Farbe darf nie die einzige Information sein. Neben den grünen Punkt gehört das Wort "genehmigt". Das hilft auch dem Kollegen, der die Anwendung zum ersten Mal öffnet und die Farblogik gar nicht kennt.

Alles muss mit der Tastatur bedienbar sein. Drücken Sie einmal nur die Tabulatortaste und arbeiten Sie sich durch ein Formular. Wenn Sie dabei hängen bleiben oder nicht sehen, wo Sie gerade sind, bleibt jemand anderes dort dauerhaft hängen.

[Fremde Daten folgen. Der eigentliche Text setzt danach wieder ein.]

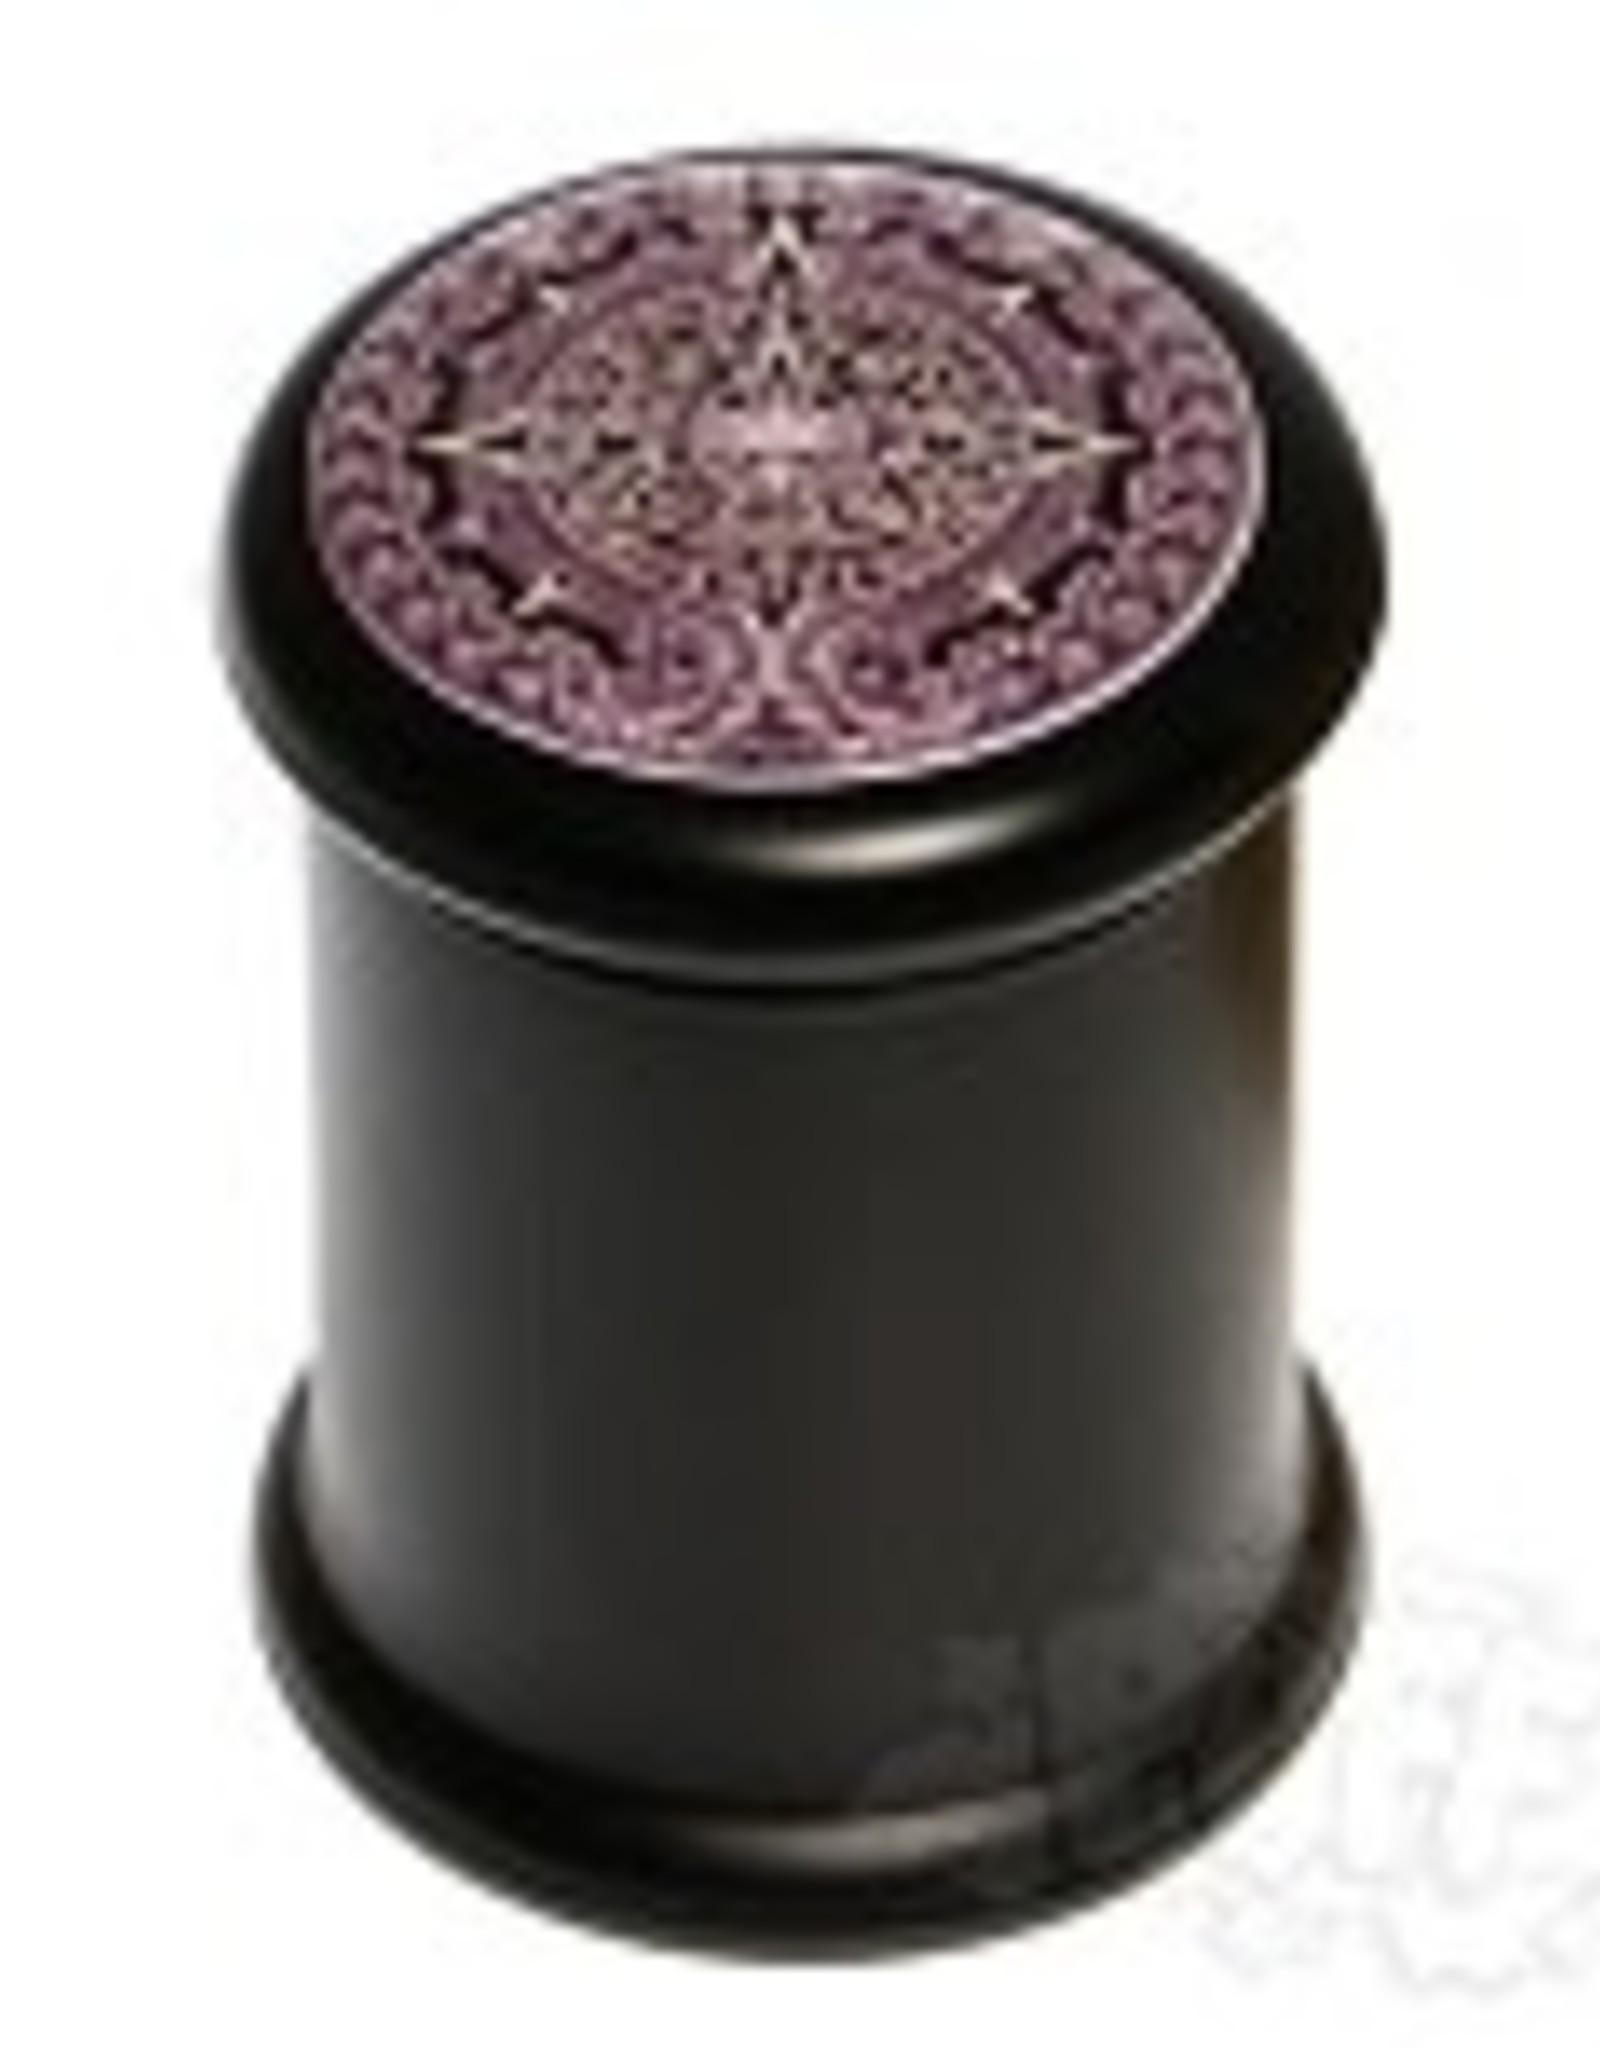 DJAR-B11 Black Glass Pop Top Jar. DJAR-B11

Hellgrauer Text auf weißem Grund sieht im Entwurf aufgeräumt aus und ist auf einem drei Jahre alten Bildschirm in einer hellen Halle unlesbar.

Und Fehlermeldungen müssen sagen, was zu tun ist. "Eingabe ungültig" hilft niemandem. "Bitte Datum im Format TT.MM.JJJJ eingeben" hilft allen.

Das war es im Wesentlichen. Bei einem neuen Werkzeug kostet das fast nichts, wenn man es von Anfang an mitnimmt.

Der Nutzen ist nicht die Vorschrift, die Sie ohnehin nicht betrifft. Der Nutzen ist, dass die Anwendung von allen bedient werden kann, auch von dem Kollegen, der nichts sagt. Und dass sie nicht ungenutzt bleibt, weil jemand nach drei frustrierenden Versuchen wieder zur Excel-Tabelle zurückgekehrt ist.

Wenn Sie extern etwas anbieten, das unter das Gesetz fällt, einen Kundenbereich oder eine Buchungsstrecke, ist das eine andere Nummer und gehört fachlich geprüft. Für die Werkzeuge im eigenen Haus reichen die zwanzig Minuten.